If you interpret the spec such that it allows for a thread to read a value
an arbitrary amount of time before it is used, and that such reads can occur
in any order - then you are correct. But that is about as loose an
interpretation of the spec that is possible. But we've long since given up
arguing over how Ch17 should be interpreted.

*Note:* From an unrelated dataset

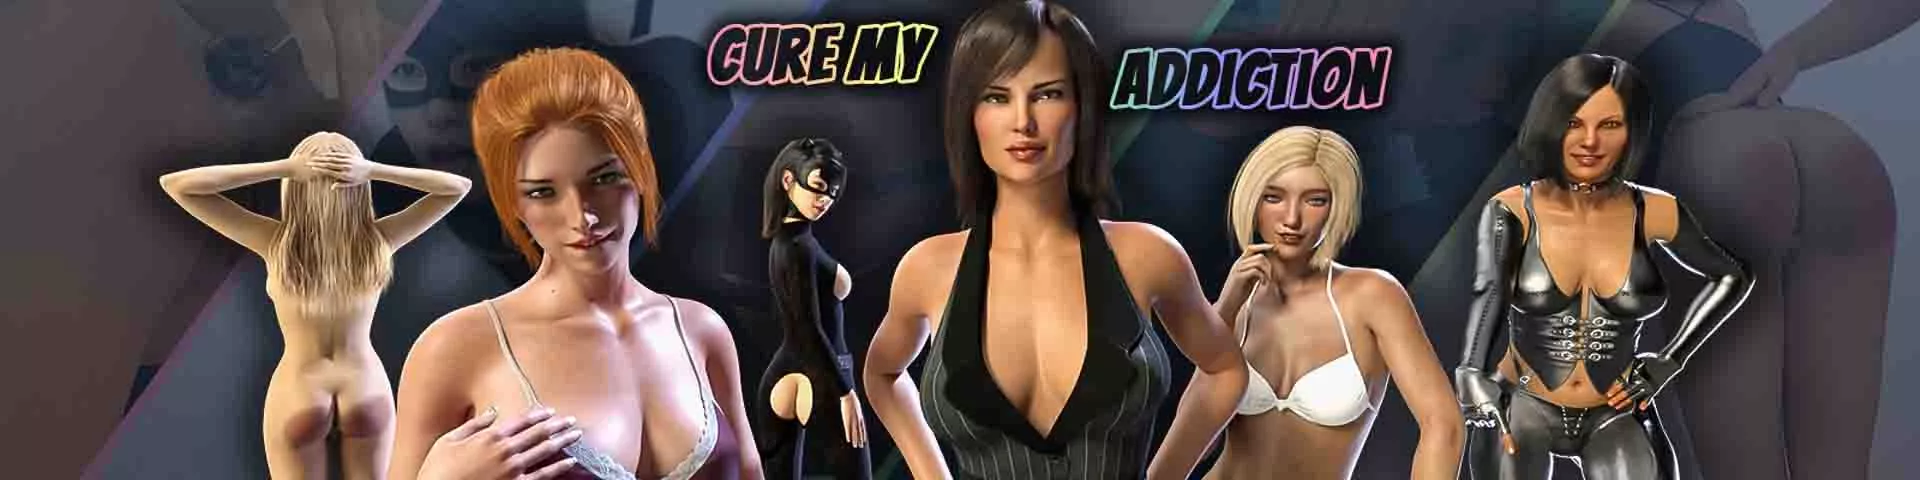 Cure My Addiction Секс-игра для взрослых

> That's why the Boolean configuration parameter is necessary, and why it
> not be set to "true" if the program is running on certain machines (Alpha,
> and possibly others?).
Surely if you have ascertained whether or not it is correct to set the
parameter to true then the complex logic is unnecessary - as Bill already
suggested? The runtime actions of the code do not prove anything so you
should be able to do something like:
if (!Config.UNSYNC_READS_ALLOWED || helper == null)
if (helper == null)
helper = new Helper();
Of course, Config.UNSYNC_READS_ALLOWED must be volatile to ensure the
correct value of it is seen.
> If I understand you correctly, it sounds like under the new
> memory model, the code above will still work if the Boolean is set to
> "false" -- but it won't run as fast as code that has been custom-designed
> the new spec by using "volatile."
Under the new memory model the code will fail in both cases. In the case of
"false" the code will fail if the thread sees "true" instead - because it
will be allowed to see garbage when no synchronisation is used. If
helperExists is made volatile then that can't happen - but under the new
spec, when it is volatile you won't need the original code anyway.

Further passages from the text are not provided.